Il 17 settembre Morales è partito con migliaia di sostenitori da Caracollo, 190 chilometri a sud di La Paz, per raggiungere la sede del governo nella capitale, dove l’arrivo è previsto il 23 settembre. Il governo considera l’iniziativa un “tentativo di colpo di stato”.
Il 22 settembre alla periferia di El Alto, lungo il percorso della marcia, si sono verificati scontri tra i sostenitori di Morales e quelli di Arce, con otto feriti. I sostenitori dei due leader si erano già scontrati il 18 settembre a Vila Vila, causando, secondo il ministero della salute, ventisei feriti.
Prima di lanciare la sua “marcia per salvare la Bolivia”, Morales aveva detto ai suoi sostenitori che Arce “ha tradito il paese con la sua cattiva gestione e con la corruzione”.
Migliaia di indigeni stanno partecipando alla marcia innalzando bandiere della Bolivia, del Mas e la wiphala, la bandiera che rappresenta i popoli nativi delle Ande.

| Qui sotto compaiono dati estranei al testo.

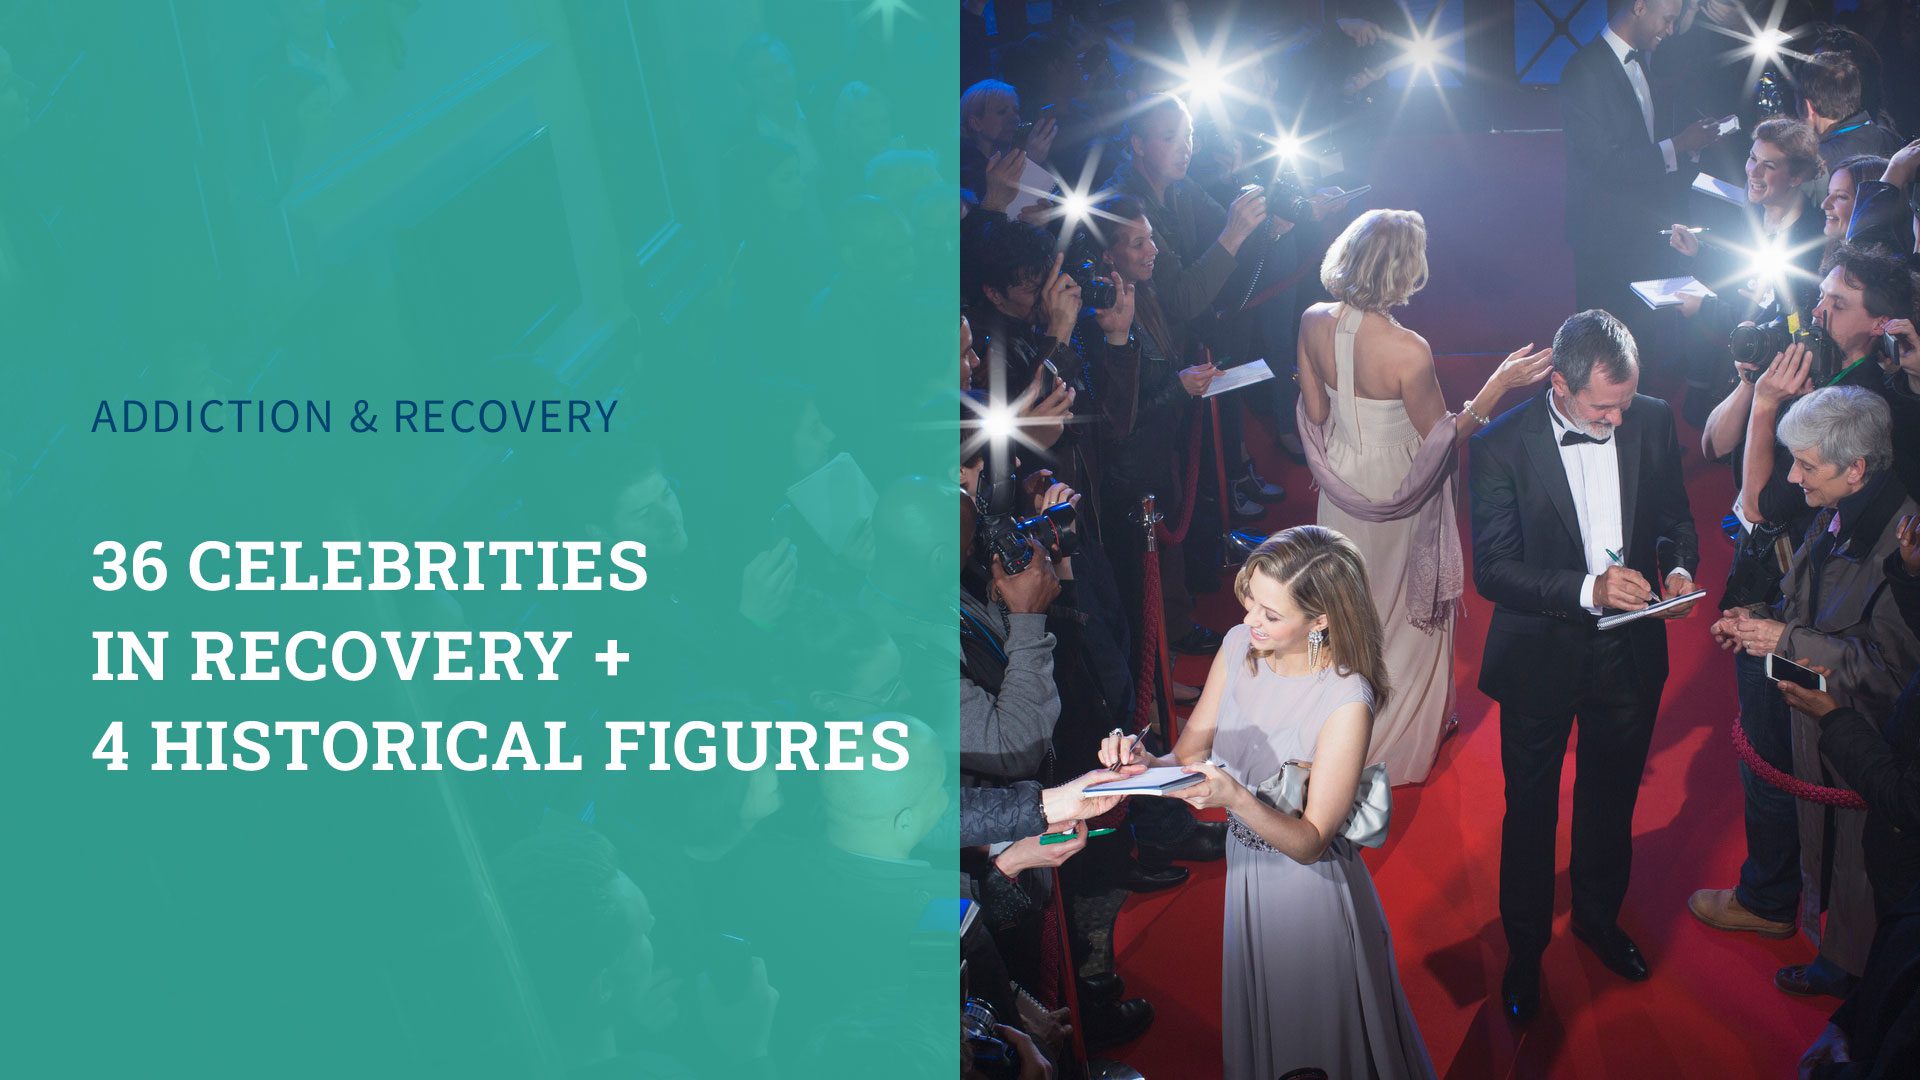 The List: 36 Celebrities in Recovery + 4 Historical Figures

Gli scontri, che arrivano in un contesto di crisi economica, con carenze di dollari e carburante, sono il risultato delle crescenti tensioni tra Arce e Morales in vista delle presidenziali.
Morales, sostenuto da una parte del Mas, punta a candidarsi ignorando un divieto della giustizia.
Arce accusa invece il suo ex alleato di preparare un colpo di stato.